According to Estadao newspaper, a research poll made by FGV shows that the percentage of industries with excess inventories of consumer goods in October (11%) is much larger than the share of companies with insufficient products (1.3%). Note (on graph 1 below) how the difference between the “excess” and the “insufficient” went up substantially in the last year alone. Data from the National Association of Vehicle Manufacturers (Anfavea) indicate that stocks of vehicles stuck among shops and factories is currently equivalent to 40 days of sales.
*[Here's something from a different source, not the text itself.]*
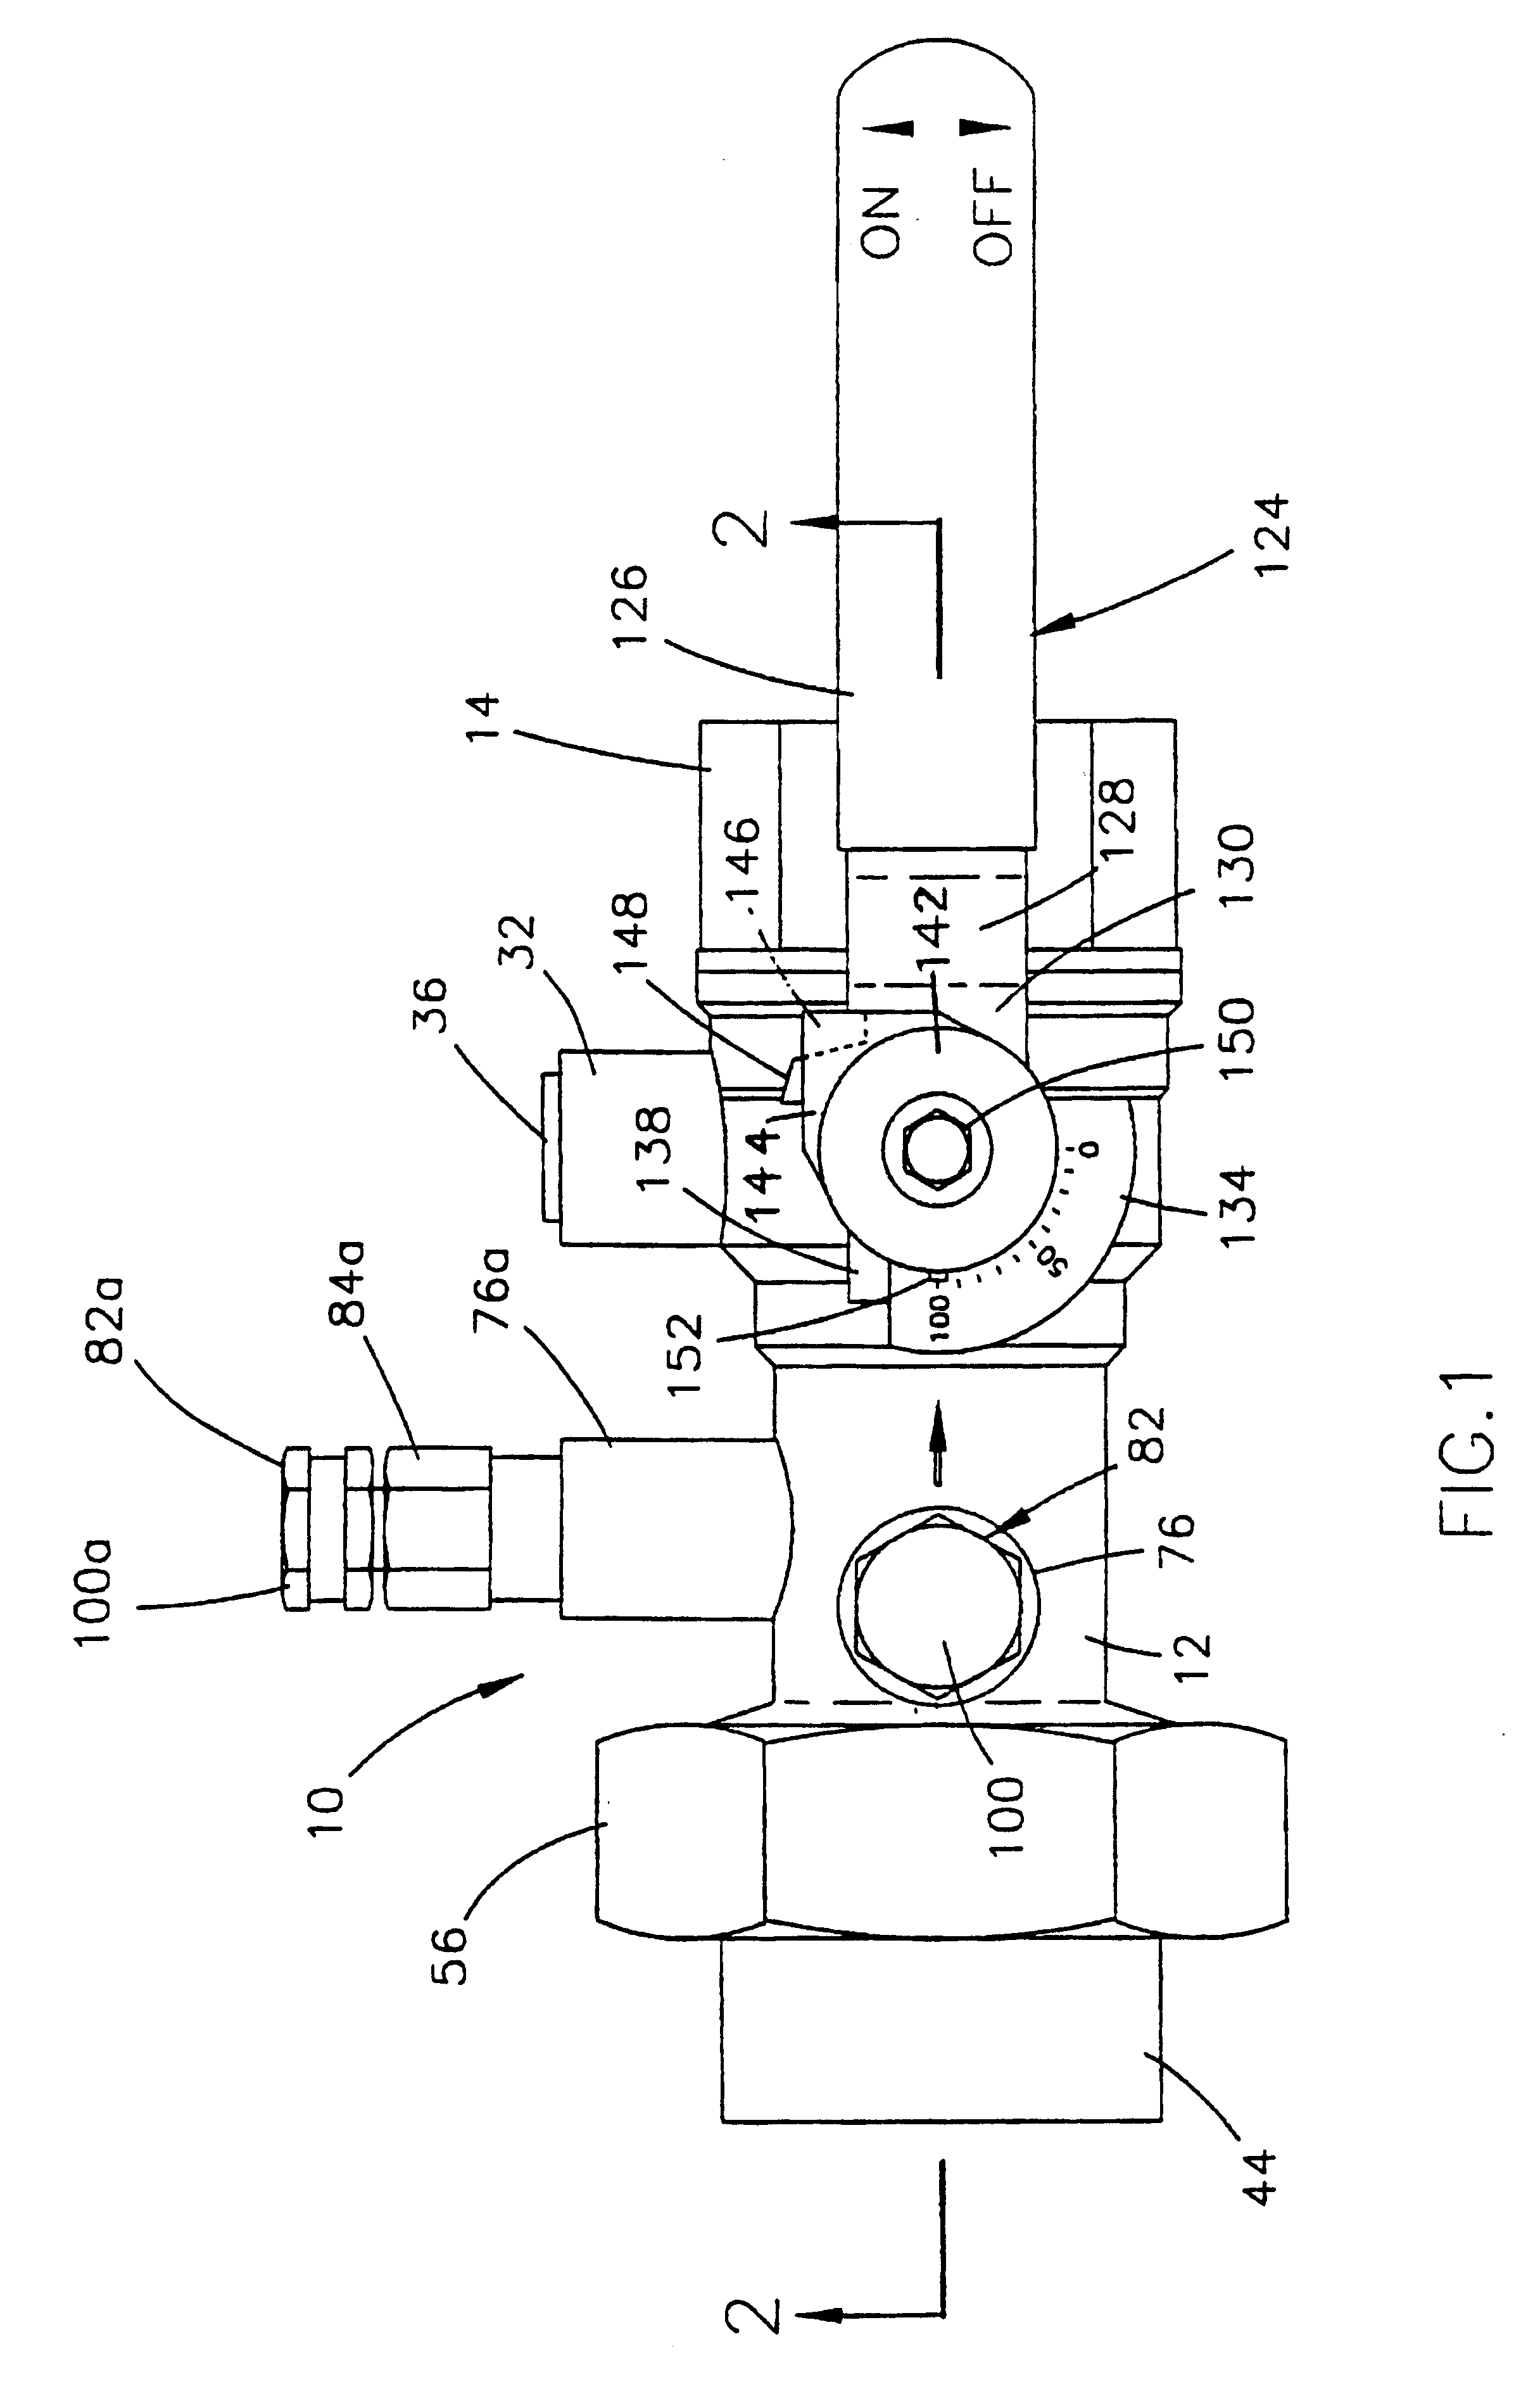 Ball valve with integrated removable flow venturi, flow balancing means, and pipe union means

It is only worse than December 2008, when inventory volume turnover reached 57 days.
Graph 2. The average daily registrations of cars and light commercial vehicles, seasonally adjusted, which was around 13,800 per month until July, fell in August to 13,200. In September, it dropped to 13,100, and in October to 12,700, the lowest volume since June 2010. “After the macro-prudential measures, vehicle sales had already stopped growing. And for the last four months it’s been going downhill,” says Braulio Borges from LCA Consultores.
Graph 3. Note how labor income growth has been decelerating at a fast pace. In December 2010, overall income grew 15.8% compared to this year’s 8.6% growth projections. 
And here is how everyone has been lowering GDP projections for Brazil since early this year…
Some analysts, like Banco Fibra’s chief economist Maristella Ansanelli, are convinced that industrial production will negatively affect GDP this year and keep it closer to 2.8%.